Based on the strength of association, consistency across cohorts and analyses, alternative explanations for observed effects, novelty, and potential implications for clinical practice, some of the most important findings from this study are: 1. Strong evidence for associations with ophthalmologic outcomes, for which there is currently insufficient awareness, including rarer and more serious keratoconus and cataracts; 2. The strongest signal for an outcome not typically regarded as a direct complication of atopic eczema or atopy was for Crohn’s disease; 3. Reassuringly, for people who had eczema in childhood, any risks of outcomes were comparatively small compared to outcomes already informing atopic eczema diagnosis (e.g., asthma, allergy, skin infections, conjunctivitis).
The use of routinely collected electronic health records (EHR) data comes with several strengths. Large sample size enabled follow-up of even rare outcomes. CPRD Aurum has been found to be representative of the general population of England in terms of age, sex, geographical spread and deprivation (albeit it may not necessarily be generalisable to other settings)^6^. Using primary care data to define the exposure of eczema, we were likely able to avoid some of the selection biases that can occur when studying hospital-based populations^7^.

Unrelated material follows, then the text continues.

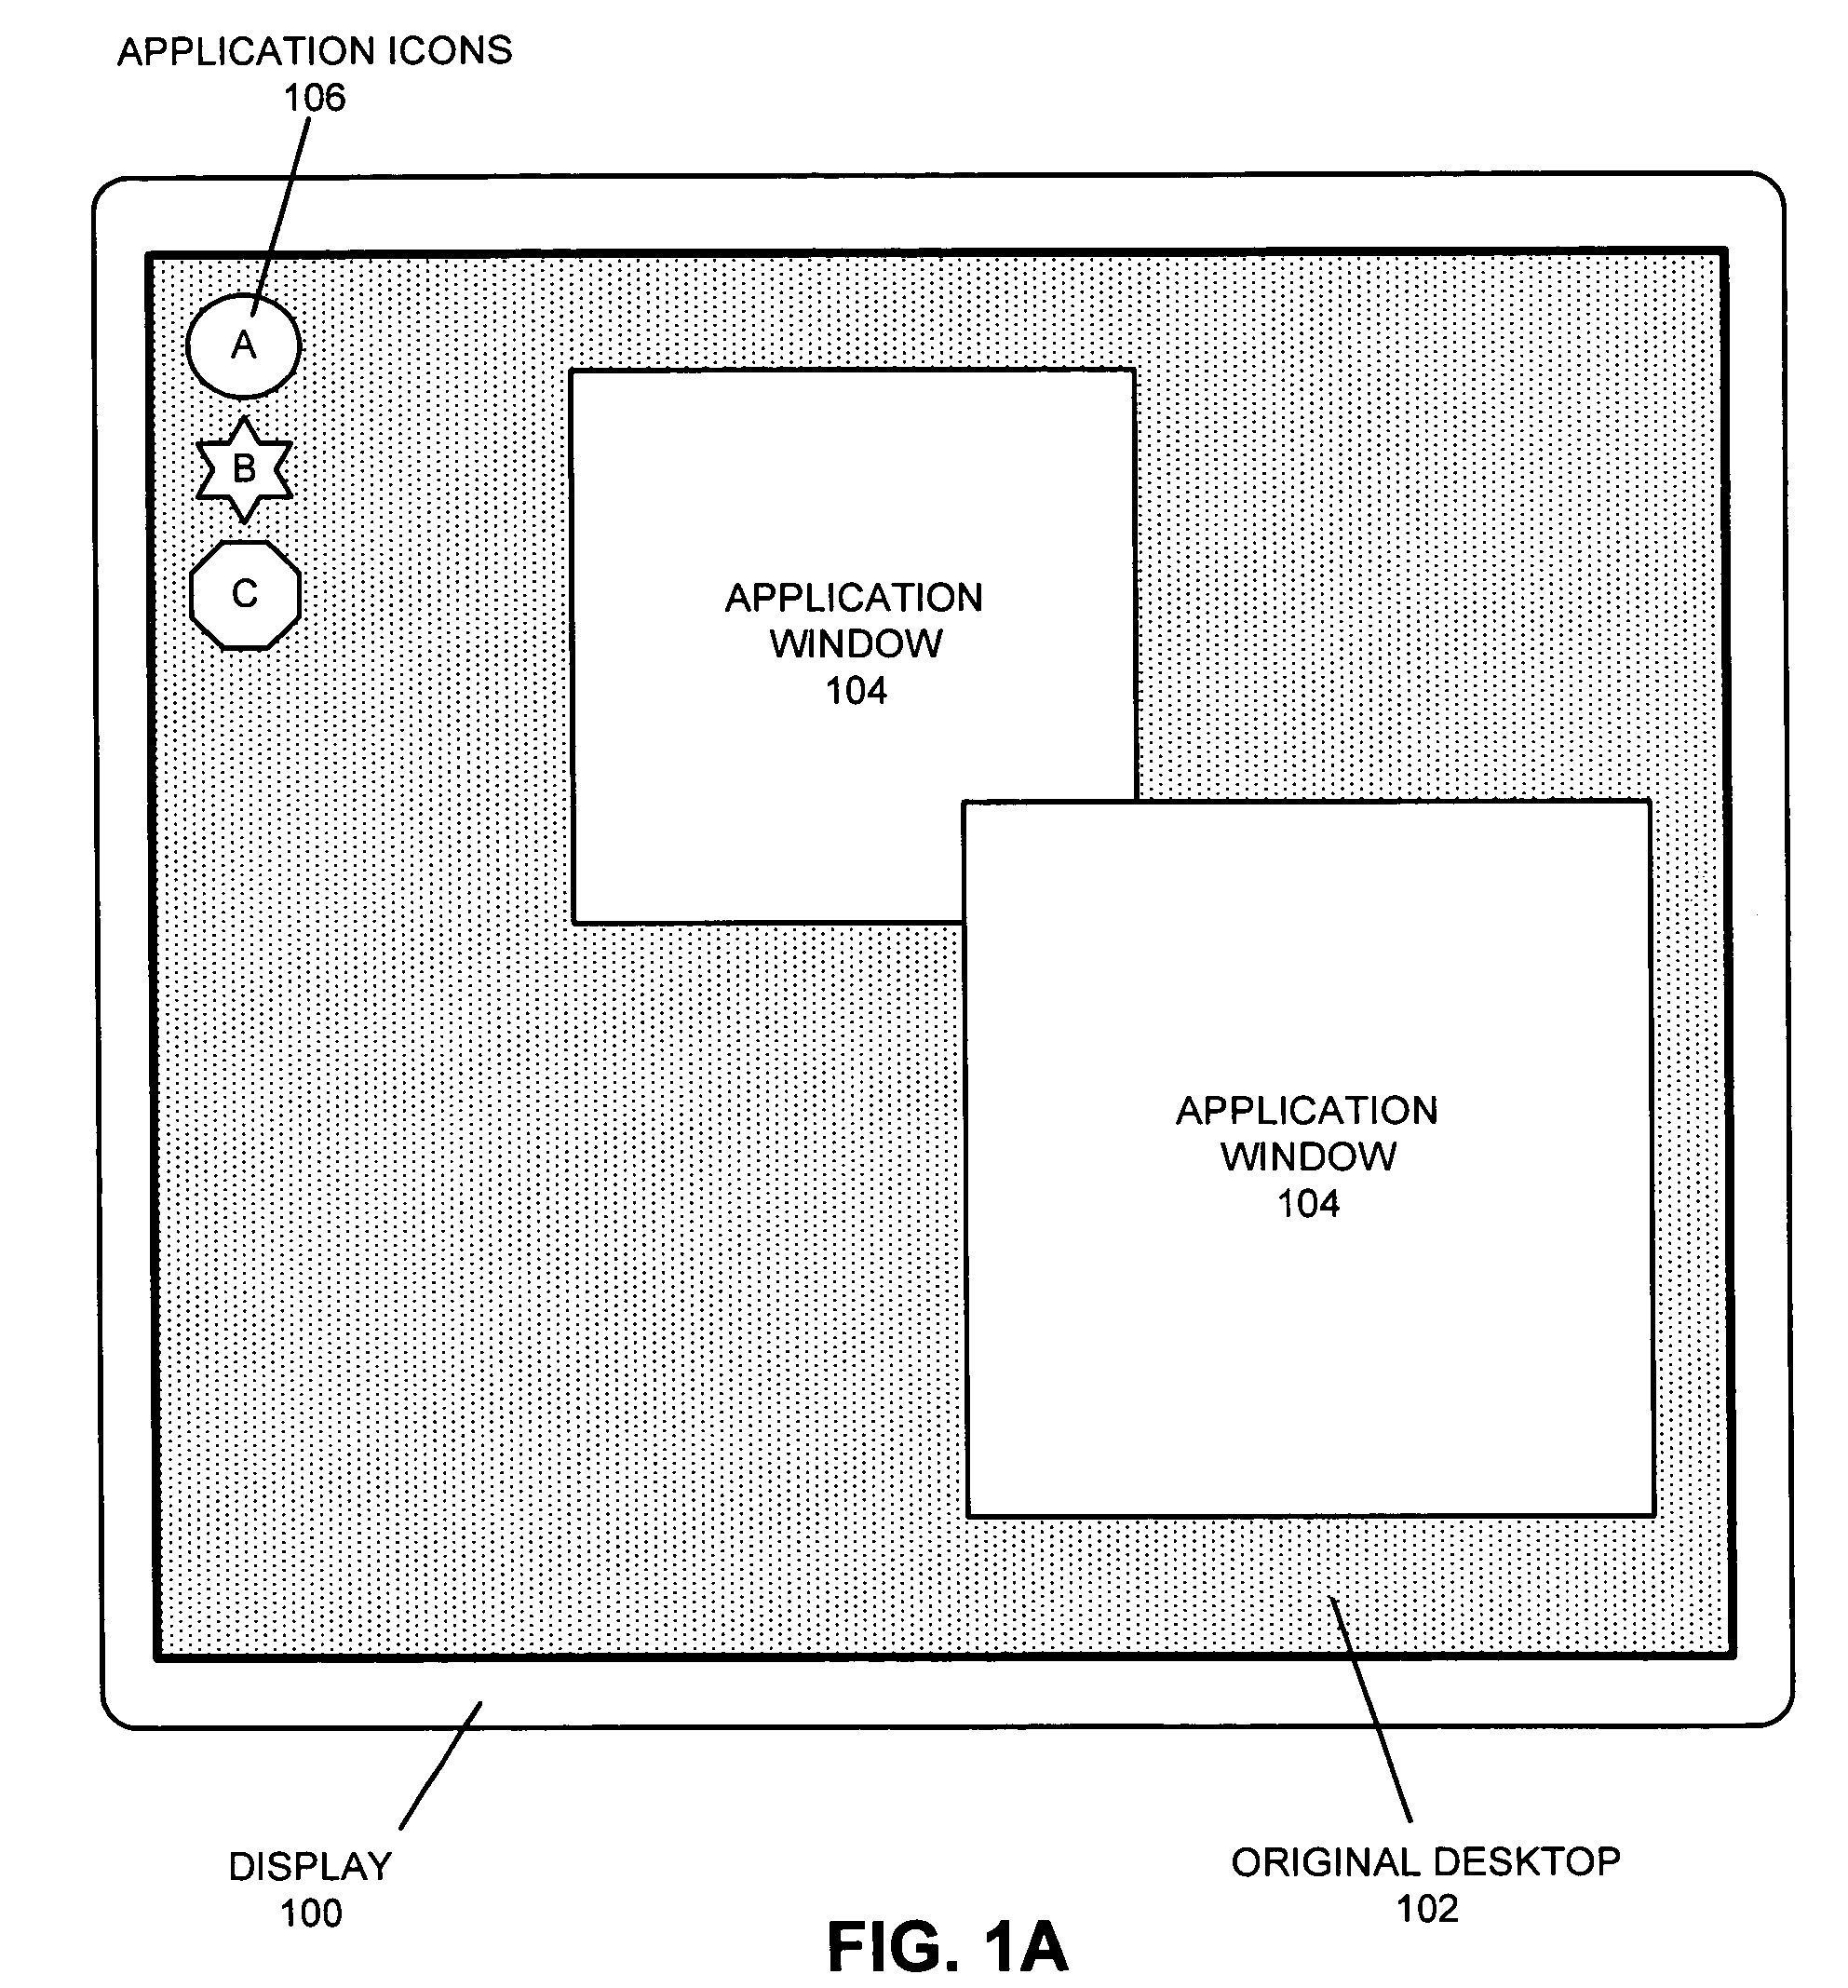 Using a zooming effect to provide additional display space for managing applications
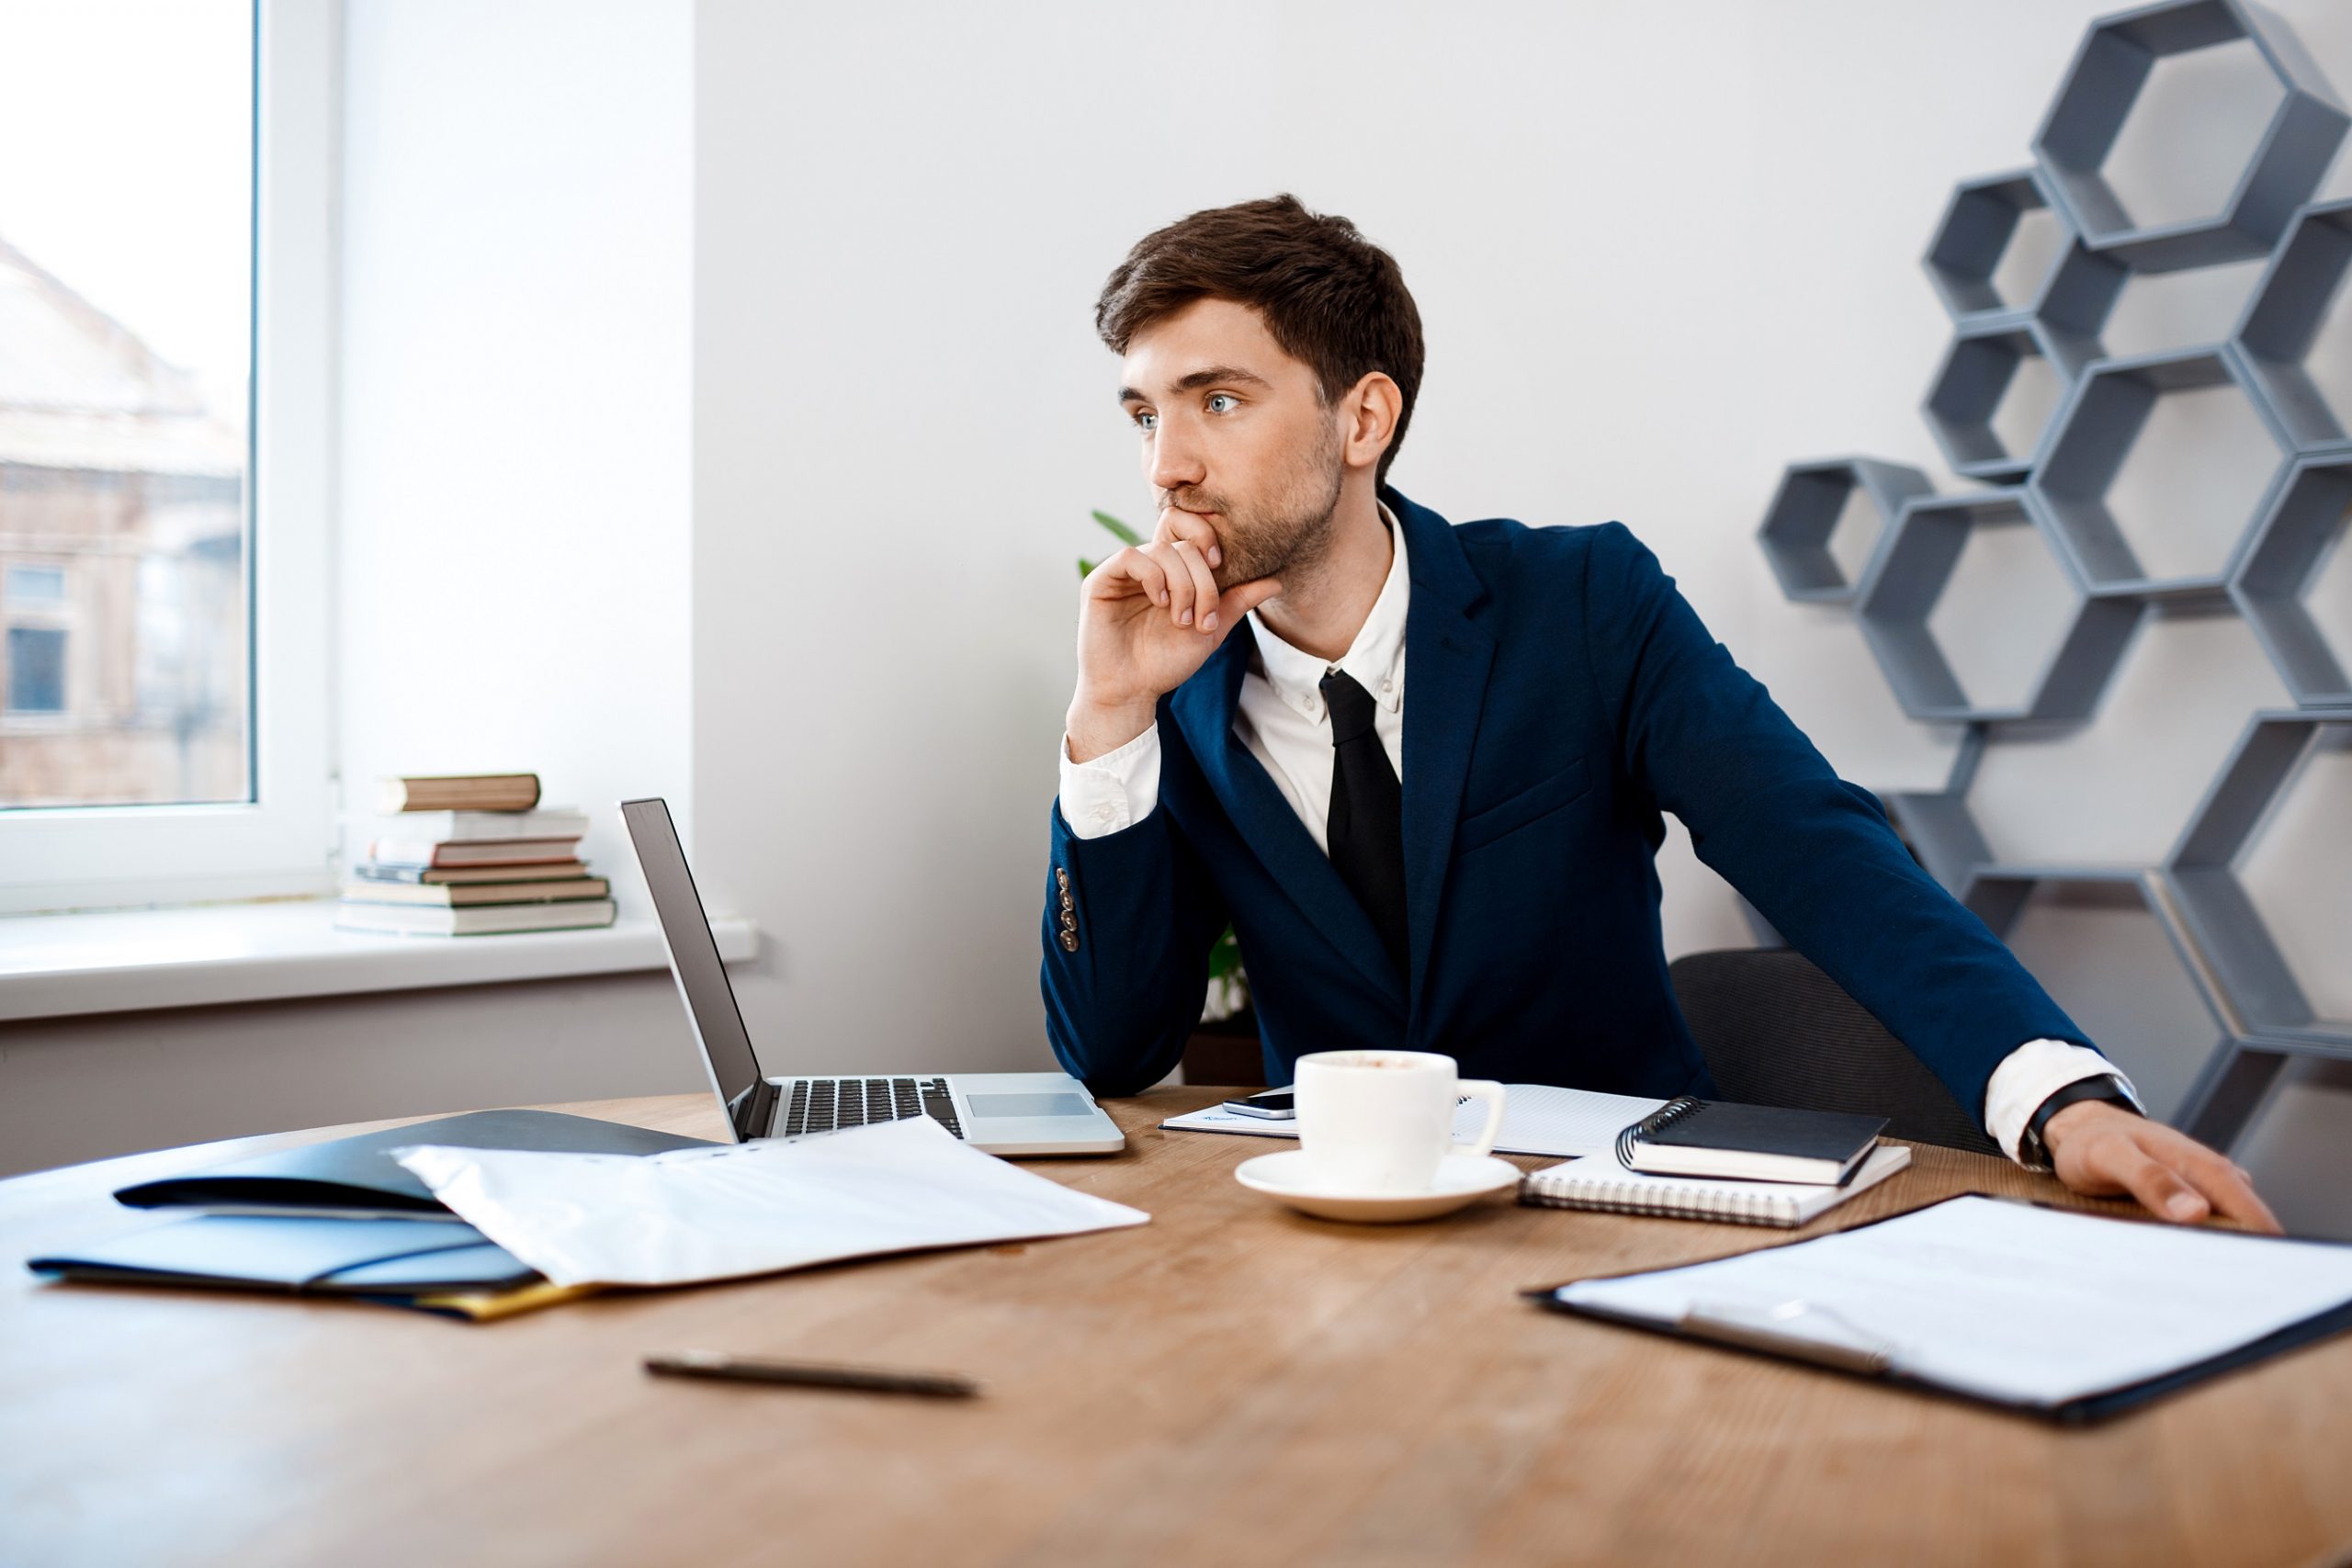 Young successful businessman in suit sitting at workplace, thinking, office background.

The use of ICD-10 coded hospital records allowed us to systematically and comprehensively study all hospital-recorded diseases, a previously underutilised strength of electronic health records. Ascertaining outcomes in hospital records may also make observed differences less likely to be due to ascertainment bias (e.g., people with eczema may consult their GP more frequently because of their eczema, but are unlikely to be admitted to hospital more frequently). The use of different ICD-10 mappings is another strength of this study. Firstly, the use of GBD codes gives a more compact overview across diseases, and results will be comparable to those from the Global Burden of Disease Studies. Secondly, the use of phecodes complements the use of category-level ICD-10 codes. While many diseases of interest correspond well to category-level ICD-10 codes, for some, phecodes offer a more clinically useful definition. However, the use of unmapped category-level ICD-10 codes has the advantage of giving a complete picture of all hospital records, as well as outcomes being non-overlapping.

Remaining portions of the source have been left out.